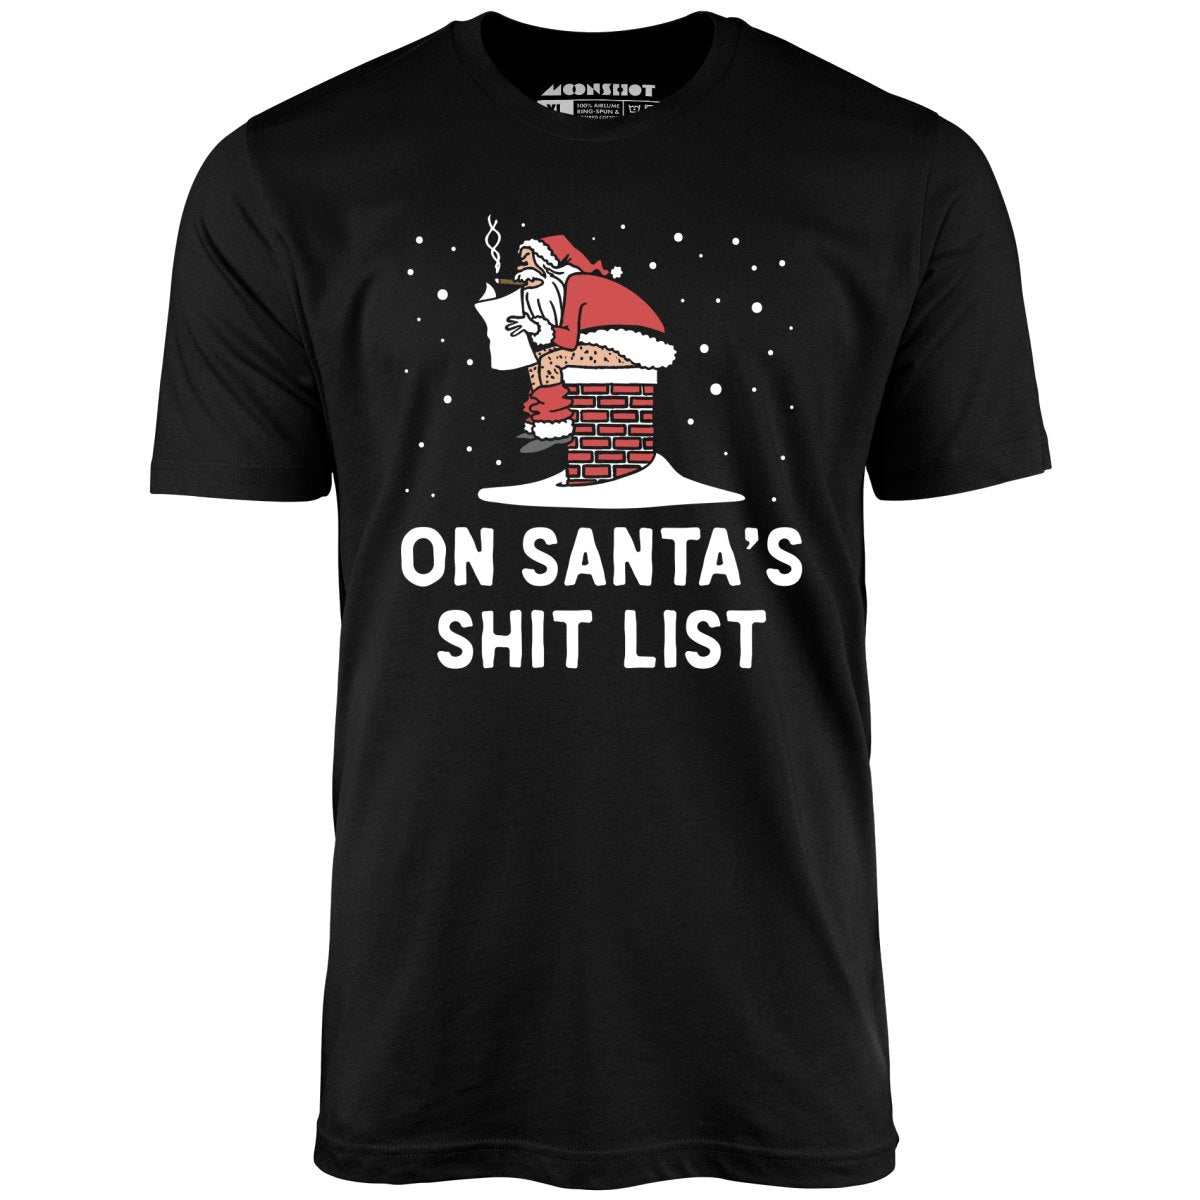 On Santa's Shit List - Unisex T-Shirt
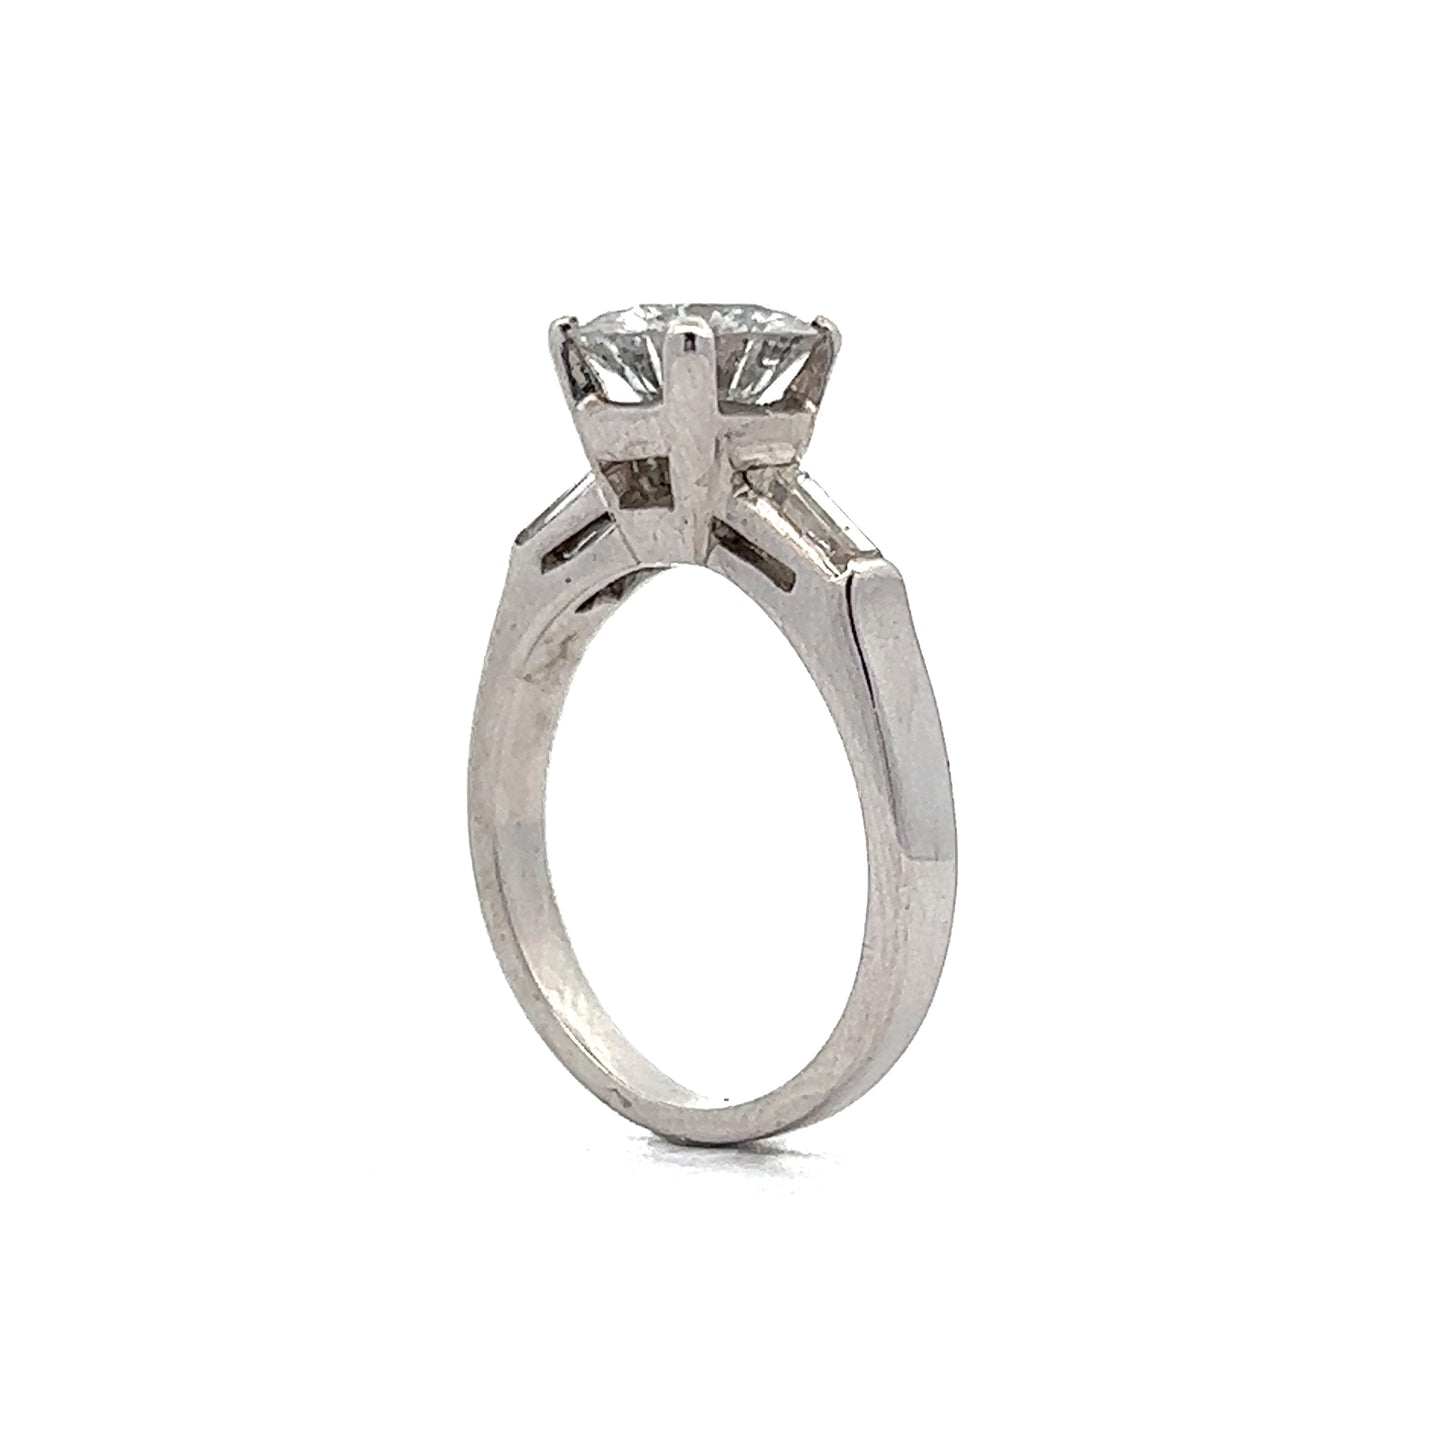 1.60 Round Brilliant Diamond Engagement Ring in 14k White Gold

* * *

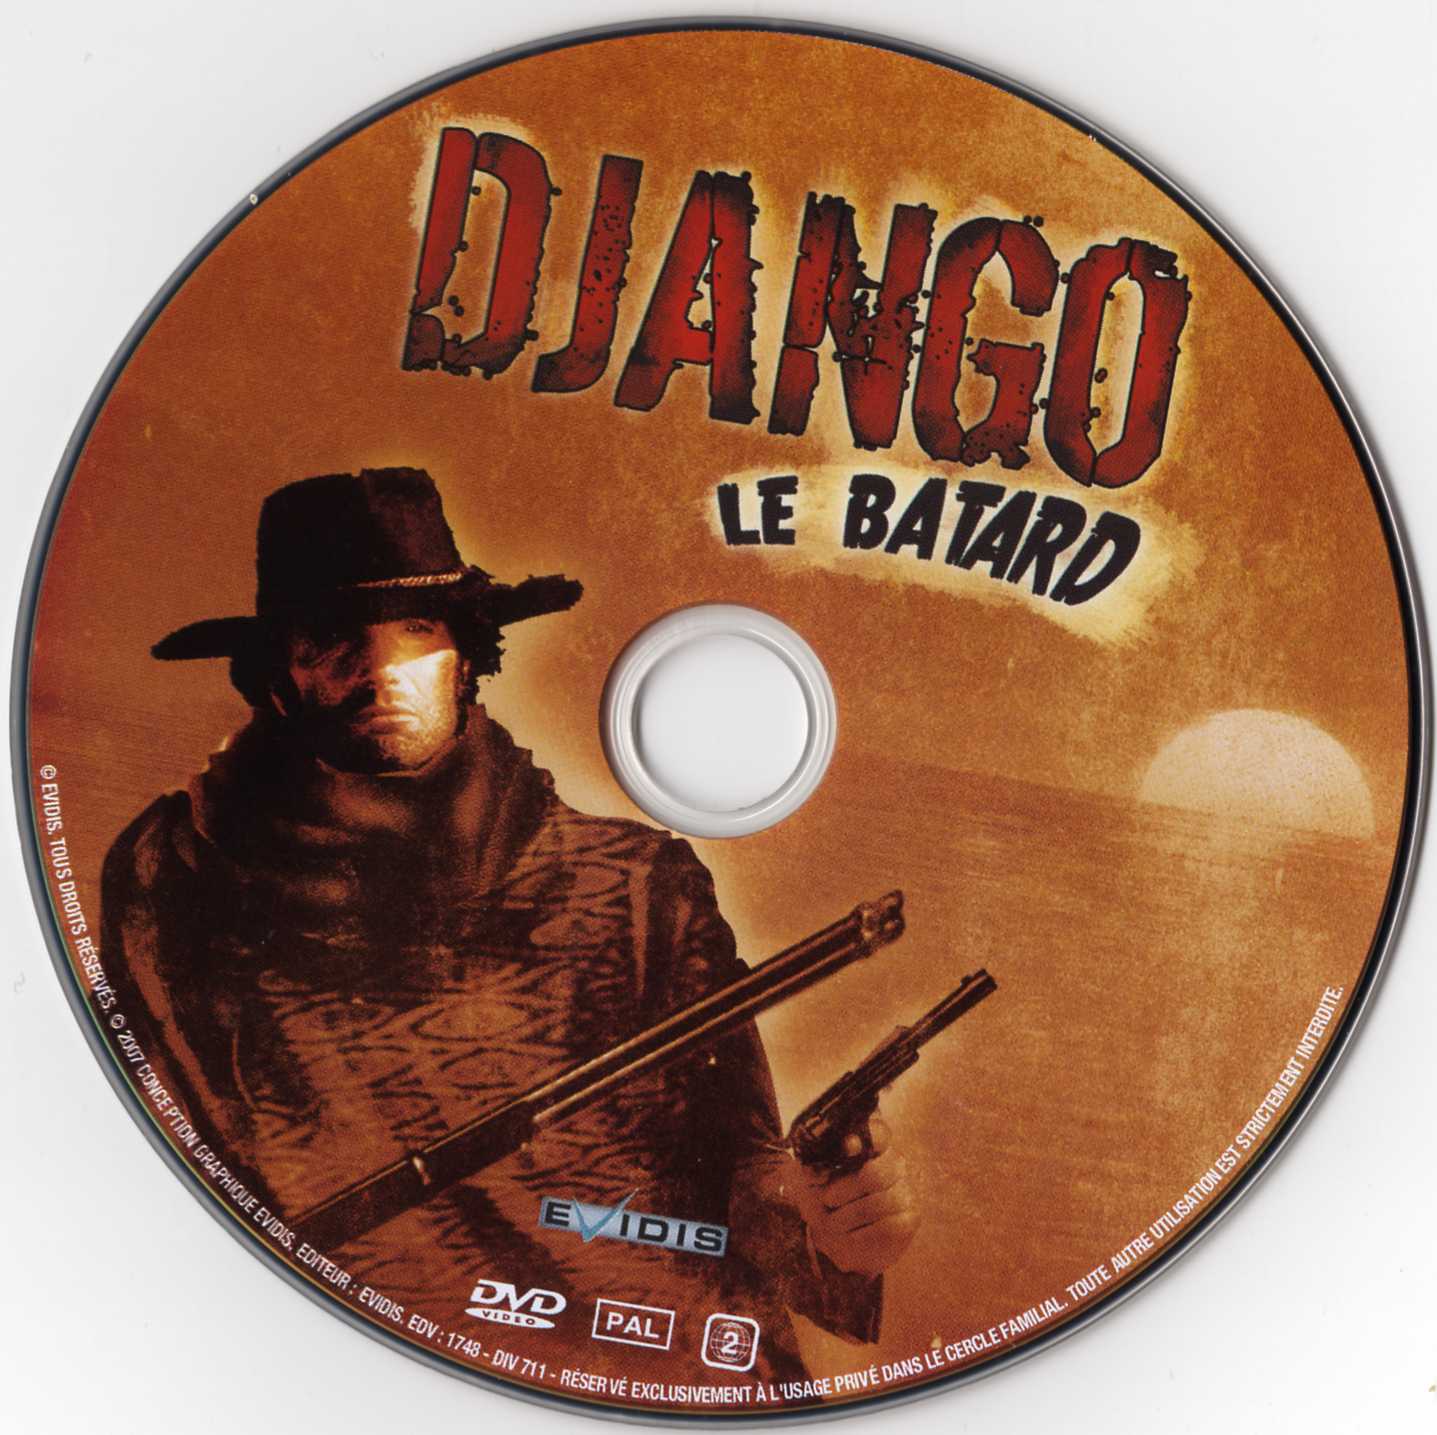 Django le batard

— Work item —
Of the records above, print only the lines from the one containing "On Santa's Shit List - Unisex T-Shirt" through the one containing "1.60 Round Brilliant", inclusive and unaltered, leaving out pictures.

— Output for this exercise —
 On Santa's Shit List - Unisex T-Shirt
 1.60 Round Brilliant Diamond Engagement Ring in 14k White Gold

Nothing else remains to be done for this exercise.